• _Extracted information_:
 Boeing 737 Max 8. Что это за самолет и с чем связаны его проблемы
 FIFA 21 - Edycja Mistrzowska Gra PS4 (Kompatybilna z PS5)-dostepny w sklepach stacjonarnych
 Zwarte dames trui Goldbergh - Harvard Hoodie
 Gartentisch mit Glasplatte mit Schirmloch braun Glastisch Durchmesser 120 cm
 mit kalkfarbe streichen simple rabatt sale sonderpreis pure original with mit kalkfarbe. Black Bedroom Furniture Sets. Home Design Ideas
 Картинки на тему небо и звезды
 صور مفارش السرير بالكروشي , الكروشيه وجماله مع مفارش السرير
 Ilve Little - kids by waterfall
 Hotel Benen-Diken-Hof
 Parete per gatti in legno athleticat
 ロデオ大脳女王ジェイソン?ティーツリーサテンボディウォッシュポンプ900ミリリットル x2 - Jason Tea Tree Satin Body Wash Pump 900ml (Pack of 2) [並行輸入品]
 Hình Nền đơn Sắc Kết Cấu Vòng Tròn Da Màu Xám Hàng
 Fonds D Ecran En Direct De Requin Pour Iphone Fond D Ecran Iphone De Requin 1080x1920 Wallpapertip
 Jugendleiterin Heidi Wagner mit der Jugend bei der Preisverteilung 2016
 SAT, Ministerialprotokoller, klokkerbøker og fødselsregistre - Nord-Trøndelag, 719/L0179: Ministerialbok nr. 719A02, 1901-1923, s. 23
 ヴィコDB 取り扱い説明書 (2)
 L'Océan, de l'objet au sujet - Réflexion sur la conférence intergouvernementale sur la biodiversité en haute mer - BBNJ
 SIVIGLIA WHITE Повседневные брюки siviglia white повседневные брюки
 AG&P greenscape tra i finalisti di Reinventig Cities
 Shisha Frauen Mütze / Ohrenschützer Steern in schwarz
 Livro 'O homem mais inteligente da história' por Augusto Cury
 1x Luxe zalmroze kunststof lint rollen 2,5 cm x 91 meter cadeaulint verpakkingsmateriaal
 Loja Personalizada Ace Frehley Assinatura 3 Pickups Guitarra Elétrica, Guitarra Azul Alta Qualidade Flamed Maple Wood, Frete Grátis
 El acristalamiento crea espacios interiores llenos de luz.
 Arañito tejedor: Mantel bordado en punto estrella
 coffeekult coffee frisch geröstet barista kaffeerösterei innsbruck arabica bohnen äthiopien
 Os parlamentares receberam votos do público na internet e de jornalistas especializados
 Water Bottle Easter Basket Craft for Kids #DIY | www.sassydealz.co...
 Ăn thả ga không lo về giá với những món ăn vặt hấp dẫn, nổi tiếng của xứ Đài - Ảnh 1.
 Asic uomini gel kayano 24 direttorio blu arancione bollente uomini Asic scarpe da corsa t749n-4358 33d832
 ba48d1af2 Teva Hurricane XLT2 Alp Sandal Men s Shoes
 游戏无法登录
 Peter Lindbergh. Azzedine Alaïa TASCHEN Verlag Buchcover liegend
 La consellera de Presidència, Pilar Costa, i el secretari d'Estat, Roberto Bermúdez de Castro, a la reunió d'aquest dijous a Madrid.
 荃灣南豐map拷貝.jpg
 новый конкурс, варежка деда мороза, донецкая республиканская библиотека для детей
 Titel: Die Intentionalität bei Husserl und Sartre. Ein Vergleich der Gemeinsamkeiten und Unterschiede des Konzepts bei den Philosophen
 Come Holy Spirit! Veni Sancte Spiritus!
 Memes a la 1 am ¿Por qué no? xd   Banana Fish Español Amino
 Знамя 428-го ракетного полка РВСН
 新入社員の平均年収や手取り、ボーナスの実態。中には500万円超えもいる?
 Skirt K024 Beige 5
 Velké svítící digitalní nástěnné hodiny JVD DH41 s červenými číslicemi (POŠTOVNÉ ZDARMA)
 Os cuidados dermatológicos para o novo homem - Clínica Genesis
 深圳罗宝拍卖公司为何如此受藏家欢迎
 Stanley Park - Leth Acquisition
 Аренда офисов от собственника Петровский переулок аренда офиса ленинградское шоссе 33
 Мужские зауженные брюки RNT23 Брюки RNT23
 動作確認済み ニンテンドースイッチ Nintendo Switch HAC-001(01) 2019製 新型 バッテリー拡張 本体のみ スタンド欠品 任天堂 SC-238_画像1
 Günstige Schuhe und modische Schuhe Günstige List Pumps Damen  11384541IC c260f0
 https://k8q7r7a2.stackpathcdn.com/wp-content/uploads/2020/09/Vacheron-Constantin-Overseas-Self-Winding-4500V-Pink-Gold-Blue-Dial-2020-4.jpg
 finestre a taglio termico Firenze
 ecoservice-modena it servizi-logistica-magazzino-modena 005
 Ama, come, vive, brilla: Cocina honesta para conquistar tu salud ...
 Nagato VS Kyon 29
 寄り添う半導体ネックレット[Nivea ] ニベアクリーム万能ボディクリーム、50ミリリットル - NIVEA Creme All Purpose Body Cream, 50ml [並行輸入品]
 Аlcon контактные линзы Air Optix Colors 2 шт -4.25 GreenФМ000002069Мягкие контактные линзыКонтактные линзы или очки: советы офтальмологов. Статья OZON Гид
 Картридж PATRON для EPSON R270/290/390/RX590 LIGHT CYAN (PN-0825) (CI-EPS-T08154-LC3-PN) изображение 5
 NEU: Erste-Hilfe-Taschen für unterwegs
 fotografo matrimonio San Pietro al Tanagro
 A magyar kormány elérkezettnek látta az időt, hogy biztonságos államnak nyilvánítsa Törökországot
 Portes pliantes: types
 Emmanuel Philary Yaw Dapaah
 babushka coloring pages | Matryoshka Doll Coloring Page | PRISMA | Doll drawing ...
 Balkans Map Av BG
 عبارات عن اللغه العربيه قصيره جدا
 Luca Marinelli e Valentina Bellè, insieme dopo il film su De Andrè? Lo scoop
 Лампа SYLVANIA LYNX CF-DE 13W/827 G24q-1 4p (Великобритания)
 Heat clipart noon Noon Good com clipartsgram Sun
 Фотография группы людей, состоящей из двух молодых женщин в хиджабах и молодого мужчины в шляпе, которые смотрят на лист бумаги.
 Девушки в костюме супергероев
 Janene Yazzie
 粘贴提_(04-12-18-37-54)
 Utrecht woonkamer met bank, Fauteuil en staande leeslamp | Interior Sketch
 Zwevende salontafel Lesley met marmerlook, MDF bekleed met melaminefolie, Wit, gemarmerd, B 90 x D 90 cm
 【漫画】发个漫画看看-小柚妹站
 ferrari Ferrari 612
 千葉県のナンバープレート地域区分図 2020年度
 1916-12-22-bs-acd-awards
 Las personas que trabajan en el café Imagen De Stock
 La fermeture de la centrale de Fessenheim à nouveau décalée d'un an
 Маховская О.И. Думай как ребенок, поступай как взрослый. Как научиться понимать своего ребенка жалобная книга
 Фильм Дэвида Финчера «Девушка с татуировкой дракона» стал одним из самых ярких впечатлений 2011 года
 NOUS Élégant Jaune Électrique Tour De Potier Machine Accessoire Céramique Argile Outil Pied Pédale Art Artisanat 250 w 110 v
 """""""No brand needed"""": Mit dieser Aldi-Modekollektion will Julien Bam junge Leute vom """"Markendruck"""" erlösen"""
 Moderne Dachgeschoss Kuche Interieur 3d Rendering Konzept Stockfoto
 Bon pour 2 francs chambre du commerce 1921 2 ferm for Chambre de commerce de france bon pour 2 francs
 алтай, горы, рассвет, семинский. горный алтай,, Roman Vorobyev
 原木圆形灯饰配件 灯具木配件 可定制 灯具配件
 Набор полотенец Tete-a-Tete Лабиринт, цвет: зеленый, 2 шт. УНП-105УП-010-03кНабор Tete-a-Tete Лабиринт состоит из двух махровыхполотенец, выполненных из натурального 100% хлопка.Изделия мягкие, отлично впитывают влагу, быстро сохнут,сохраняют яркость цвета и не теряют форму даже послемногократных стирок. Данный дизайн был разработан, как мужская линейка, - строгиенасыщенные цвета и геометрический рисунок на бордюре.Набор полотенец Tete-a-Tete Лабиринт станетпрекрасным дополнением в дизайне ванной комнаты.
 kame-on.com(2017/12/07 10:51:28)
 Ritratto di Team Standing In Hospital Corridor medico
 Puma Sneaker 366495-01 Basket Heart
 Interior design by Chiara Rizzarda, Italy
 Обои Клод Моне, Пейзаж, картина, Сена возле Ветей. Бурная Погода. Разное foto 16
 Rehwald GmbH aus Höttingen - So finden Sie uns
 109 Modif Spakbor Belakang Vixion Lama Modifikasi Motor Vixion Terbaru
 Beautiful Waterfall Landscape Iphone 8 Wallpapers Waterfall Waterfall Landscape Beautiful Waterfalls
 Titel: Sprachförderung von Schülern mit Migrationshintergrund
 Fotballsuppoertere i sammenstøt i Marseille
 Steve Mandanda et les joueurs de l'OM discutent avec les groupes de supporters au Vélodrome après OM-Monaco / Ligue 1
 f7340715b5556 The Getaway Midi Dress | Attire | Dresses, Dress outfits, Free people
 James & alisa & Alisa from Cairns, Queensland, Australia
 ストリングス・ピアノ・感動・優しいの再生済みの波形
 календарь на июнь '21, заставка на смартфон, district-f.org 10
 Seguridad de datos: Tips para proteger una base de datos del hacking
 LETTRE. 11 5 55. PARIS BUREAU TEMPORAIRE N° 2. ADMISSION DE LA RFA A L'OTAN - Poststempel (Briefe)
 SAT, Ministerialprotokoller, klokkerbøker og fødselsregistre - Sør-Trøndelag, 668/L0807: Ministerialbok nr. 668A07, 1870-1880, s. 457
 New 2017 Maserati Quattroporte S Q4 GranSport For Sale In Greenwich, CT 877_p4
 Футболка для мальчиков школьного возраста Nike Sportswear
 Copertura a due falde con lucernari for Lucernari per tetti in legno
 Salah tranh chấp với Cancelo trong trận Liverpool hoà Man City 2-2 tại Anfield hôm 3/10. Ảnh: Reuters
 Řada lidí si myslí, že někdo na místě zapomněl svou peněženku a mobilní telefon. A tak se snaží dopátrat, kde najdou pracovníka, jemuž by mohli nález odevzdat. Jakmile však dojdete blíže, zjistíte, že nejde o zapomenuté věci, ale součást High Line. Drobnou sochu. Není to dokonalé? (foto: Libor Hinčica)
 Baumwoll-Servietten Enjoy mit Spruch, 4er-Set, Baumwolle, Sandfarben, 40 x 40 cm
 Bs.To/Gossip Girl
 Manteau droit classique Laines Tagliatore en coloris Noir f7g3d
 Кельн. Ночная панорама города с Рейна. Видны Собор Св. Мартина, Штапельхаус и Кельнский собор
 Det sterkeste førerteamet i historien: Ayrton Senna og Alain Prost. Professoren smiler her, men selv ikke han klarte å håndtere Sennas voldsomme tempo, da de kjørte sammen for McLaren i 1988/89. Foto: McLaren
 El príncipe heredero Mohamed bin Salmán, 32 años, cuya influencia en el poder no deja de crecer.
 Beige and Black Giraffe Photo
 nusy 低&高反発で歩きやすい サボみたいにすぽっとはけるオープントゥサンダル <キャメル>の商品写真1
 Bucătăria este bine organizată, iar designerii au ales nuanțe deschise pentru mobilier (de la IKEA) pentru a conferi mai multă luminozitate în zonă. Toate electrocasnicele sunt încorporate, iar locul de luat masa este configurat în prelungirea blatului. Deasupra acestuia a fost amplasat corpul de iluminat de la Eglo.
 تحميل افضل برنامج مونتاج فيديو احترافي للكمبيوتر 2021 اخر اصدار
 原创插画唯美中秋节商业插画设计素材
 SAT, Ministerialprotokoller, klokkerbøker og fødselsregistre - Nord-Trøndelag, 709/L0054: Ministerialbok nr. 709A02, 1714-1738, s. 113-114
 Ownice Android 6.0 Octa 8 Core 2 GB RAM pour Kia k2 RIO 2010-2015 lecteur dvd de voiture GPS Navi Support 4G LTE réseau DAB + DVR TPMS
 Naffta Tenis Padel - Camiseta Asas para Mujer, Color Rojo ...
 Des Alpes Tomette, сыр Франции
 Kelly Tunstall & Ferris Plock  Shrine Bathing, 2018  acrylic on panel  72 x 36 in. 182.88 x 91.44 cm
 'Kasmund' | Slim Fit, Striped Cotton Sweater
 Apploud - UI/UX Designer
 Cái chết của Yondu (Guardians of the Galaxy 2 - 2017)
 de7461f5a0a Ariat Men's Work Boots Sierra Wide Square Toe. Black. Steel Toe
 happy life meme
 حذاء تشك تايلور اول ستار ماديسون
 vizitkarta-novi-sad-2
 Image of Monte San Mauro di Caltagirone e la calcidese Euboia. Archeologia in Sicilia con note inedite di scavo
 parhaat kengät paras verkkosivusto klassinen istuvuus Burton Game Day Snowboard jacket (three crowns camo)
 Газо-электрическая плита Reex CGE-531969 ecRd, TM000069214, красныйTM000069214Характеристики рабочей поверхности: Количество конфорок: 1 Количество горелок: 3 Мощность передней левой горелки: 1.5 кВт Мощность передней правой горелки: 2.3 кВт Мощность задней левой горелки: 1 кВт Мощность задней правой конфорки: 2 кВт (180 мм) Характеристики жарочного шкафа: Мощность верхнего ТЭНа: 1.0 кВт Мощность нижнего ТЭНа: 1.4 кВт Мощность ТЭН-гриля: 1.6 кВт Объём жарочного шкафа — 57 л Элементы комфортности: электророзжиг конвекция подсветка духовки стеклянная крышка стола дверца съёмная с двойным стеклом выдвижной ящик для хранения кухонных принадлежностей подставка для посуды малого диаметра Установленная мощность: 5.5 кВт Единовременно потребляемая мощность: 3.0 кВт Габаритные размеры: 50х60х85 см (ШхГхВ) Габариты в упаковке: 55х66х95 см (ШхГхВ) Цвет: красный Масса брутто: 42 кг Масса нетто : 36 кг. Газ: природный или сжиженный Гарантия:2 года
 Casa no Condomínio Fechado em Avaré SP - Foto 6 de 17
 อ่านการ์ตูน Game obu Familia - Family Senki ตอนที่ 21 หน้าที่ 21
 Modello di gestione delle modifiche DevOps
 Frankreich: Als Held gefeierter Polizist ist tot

• _What is required_: The word "Beige" appears in some lines above. Return every one of those lines.

• _Problem solution_:
 Skirt K024 Beige 5
 Beige and Black Giraffe Photo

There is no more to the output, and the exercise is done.